This (now closed) issue by taladan gives the following suggestion:
It would help me (and probably a couple of others) if there is a way to show the file path where a particular thing exists. Maybe up under the ‘last edited’ line we could have a line like: evennia/locks/lockhandler.py
This would help in development to quickly refer to where a resource is located.
Kovitikus (Sept. 11, 2019)¶
Batch Code should have a link in the developer area. It is currently only listed in the tutorials section as an afterthought to a tutorial title.
In regards to the general structure of each wiki page: I’d like to see a table of contents at the top of each one, so that it can be quickly navigated and is immediately apparent what sections are covered on the page. Similar to the current Getting Started page.
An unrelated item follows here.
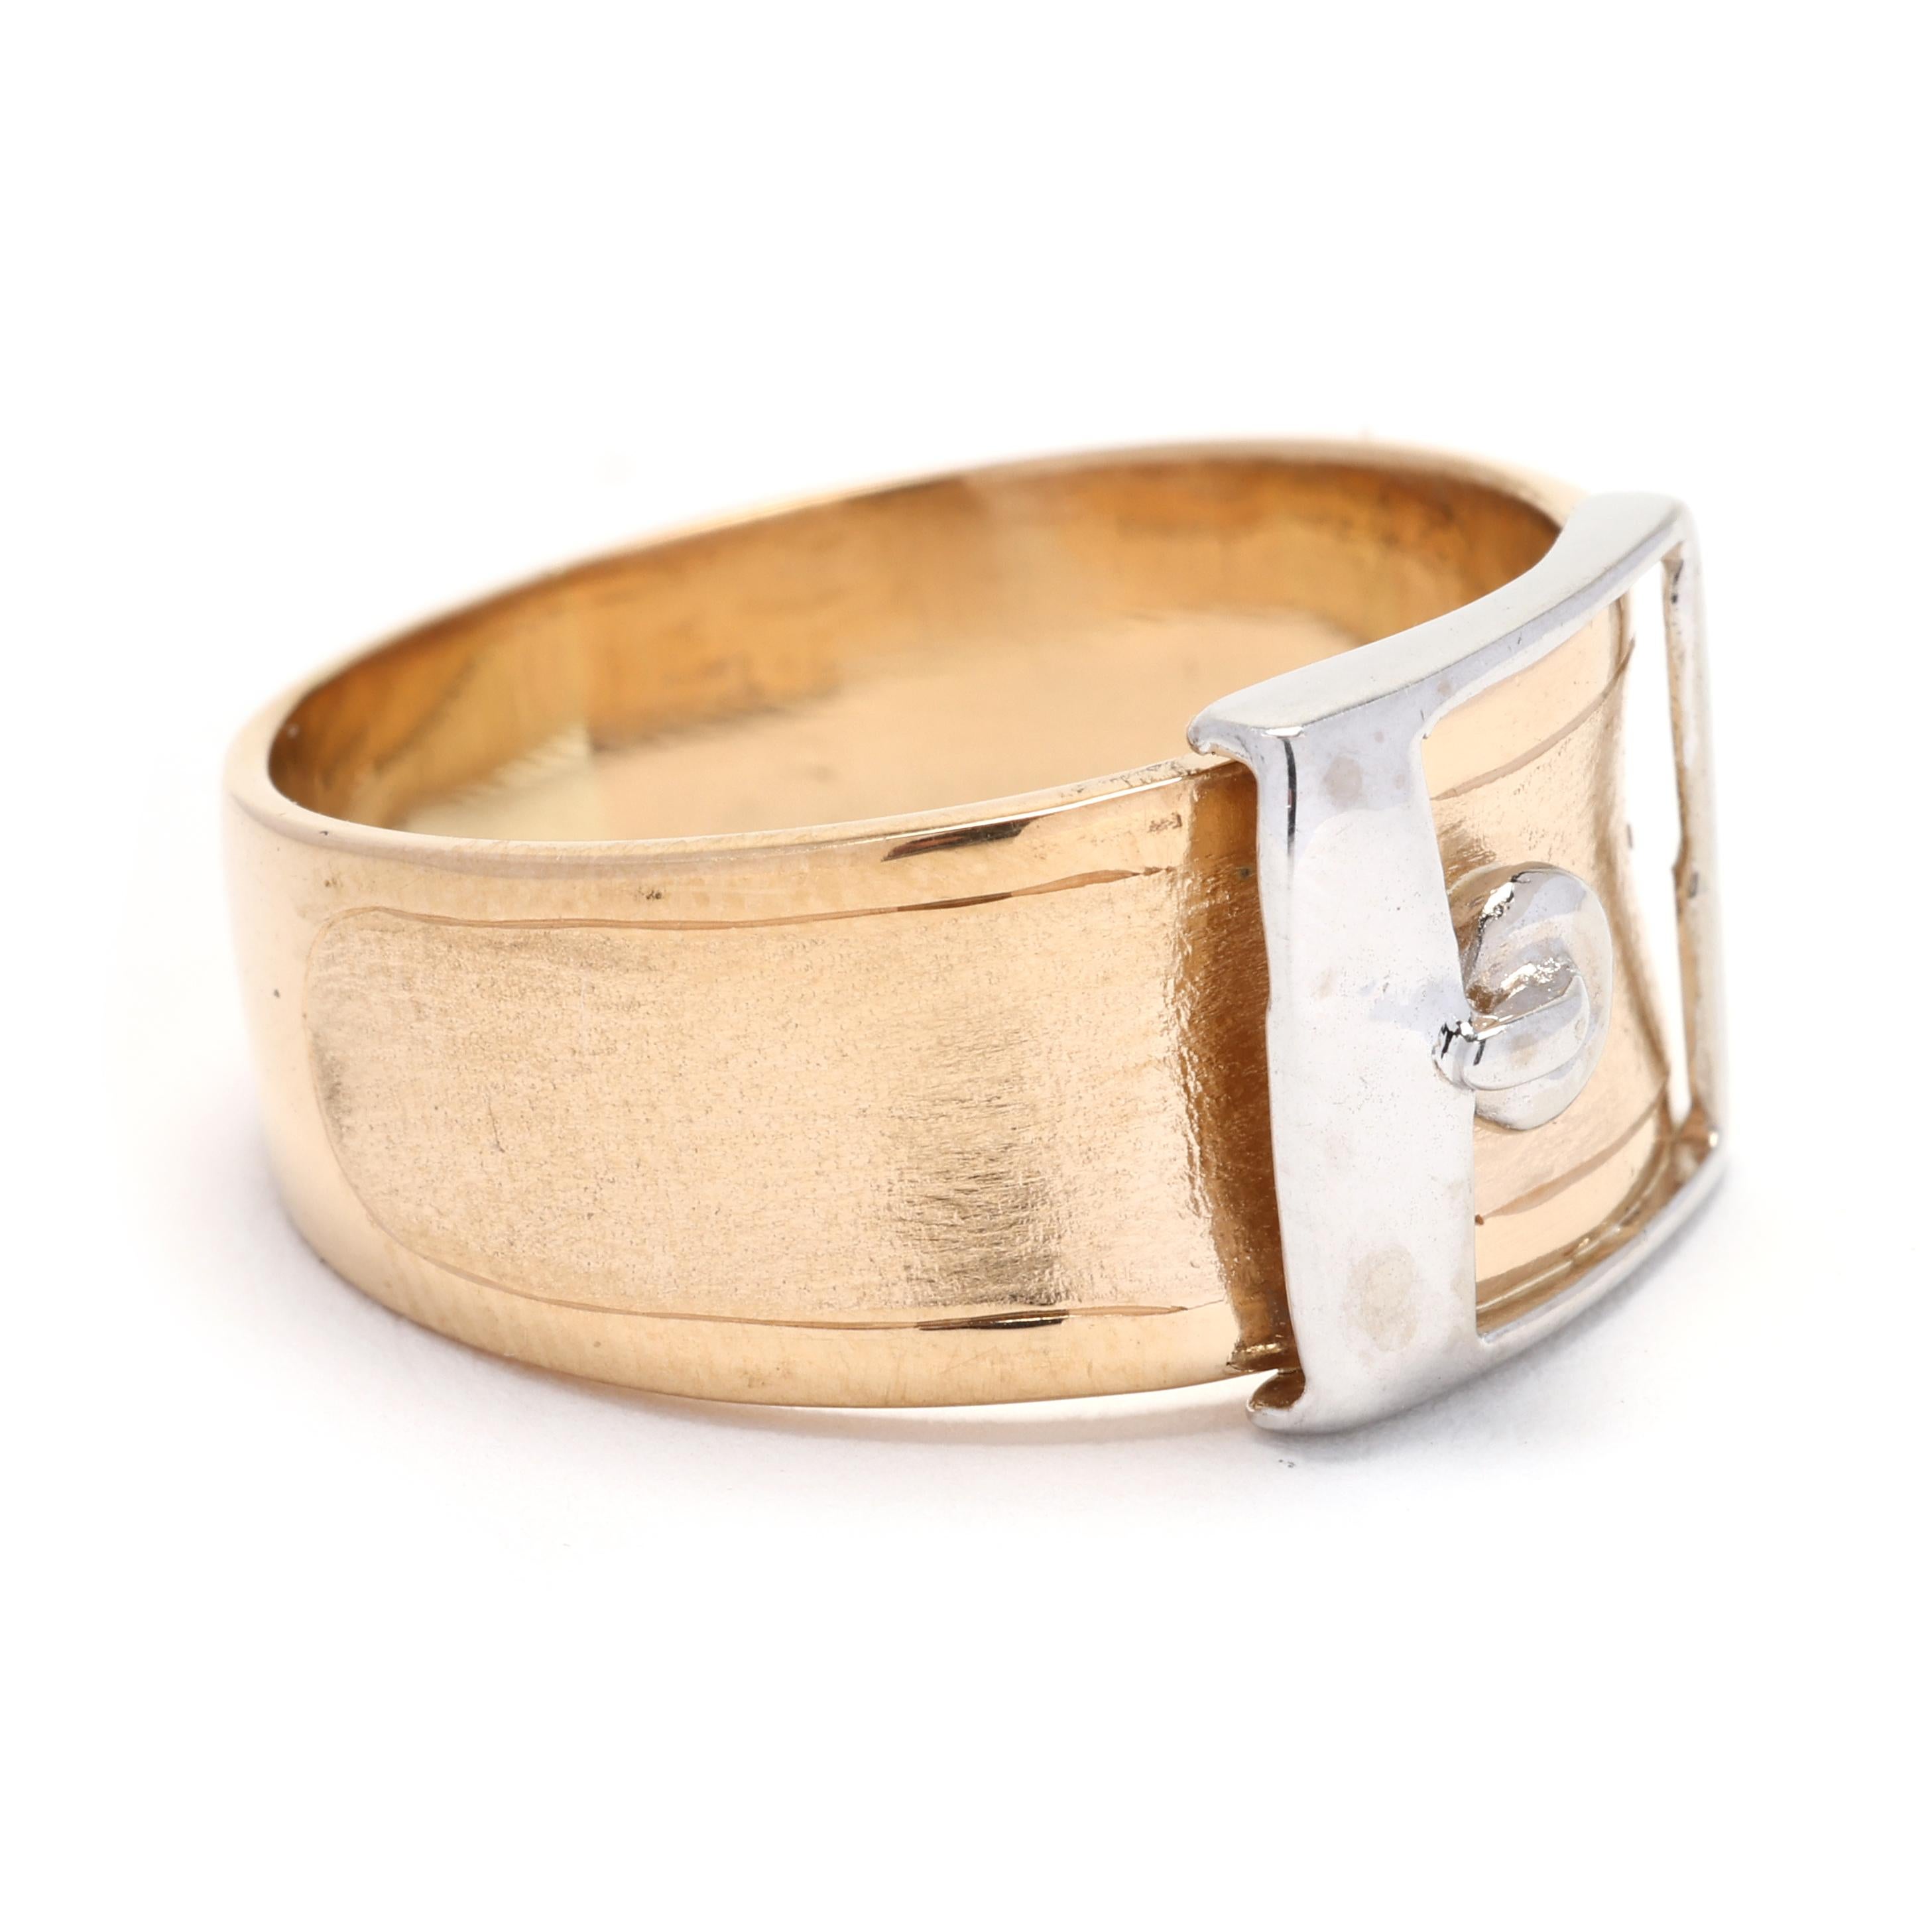 Crafted in 18KT white and yellow gold, this ring offers a luxurious and captivating look. The combination of the two gold tones adds a touch of contrast and visual interest to the design. The buckle motif symbolizes strength and security, making

The structuring of the page should also include a quick reference cheatsheet for certain aspects. Such as Tags including a quick reference section at the top that lists an example of every available method you can use in a clear and consistent format, along with a comment. Readers shouldn’t have to decipher the article to gather such basic information and it should instead be available at first glance.
Example of a quick reference:
Tags
# Add a tag.
obj.tags.add("label")
# Remove a tag.
obj.tags.remove("label")
# Remove all tags.
obj.tags.clear()
# Search for a tag. Evennia must be imported first.
store_result = evennia.search_tag("label")
# Return a list of all tags.
obj.tags.all()
Aliases
# Add an alias.
obj.aliases.add("label")
ETC...
In regards to comment structure, I often find that smushing together lines with comments to be too obscure. White space should be used to clearly delineate what information the comment is for. I understand that the current format is that a comment references whatever is below it, but newbies may not know that until they realize it.
Example of poor formatting:
#comment
command/code
#comment
command/code
Example of good formatting:
# Comment.
command/code
# Comment.
command/code
Sage (3/28/20)¶
If I want to find information on the correct syntax for is_typeclass(), here’s what I do:
Pop over to the wiki. Okay, this is a developer functionality. Let’s try that.
Ctrl+F on Developer page. No results.
Ctrl+F on API page. No results. Ctrl+F on Flat API page. No results
Ctrl+F on utils page. No results.
Ctrl+F on utils.utils page. No results.
Ctrl+F in my IDE. Results.
Fortunately, there’s only one result for def is_typeclass. If this was at_look, there would be several results, and I’d have to go through each of those individually, and most of them would just call return_appearance
An important part of a refactor, in my opinion, is separating out the “Tutorials” from the “Reference” documentation.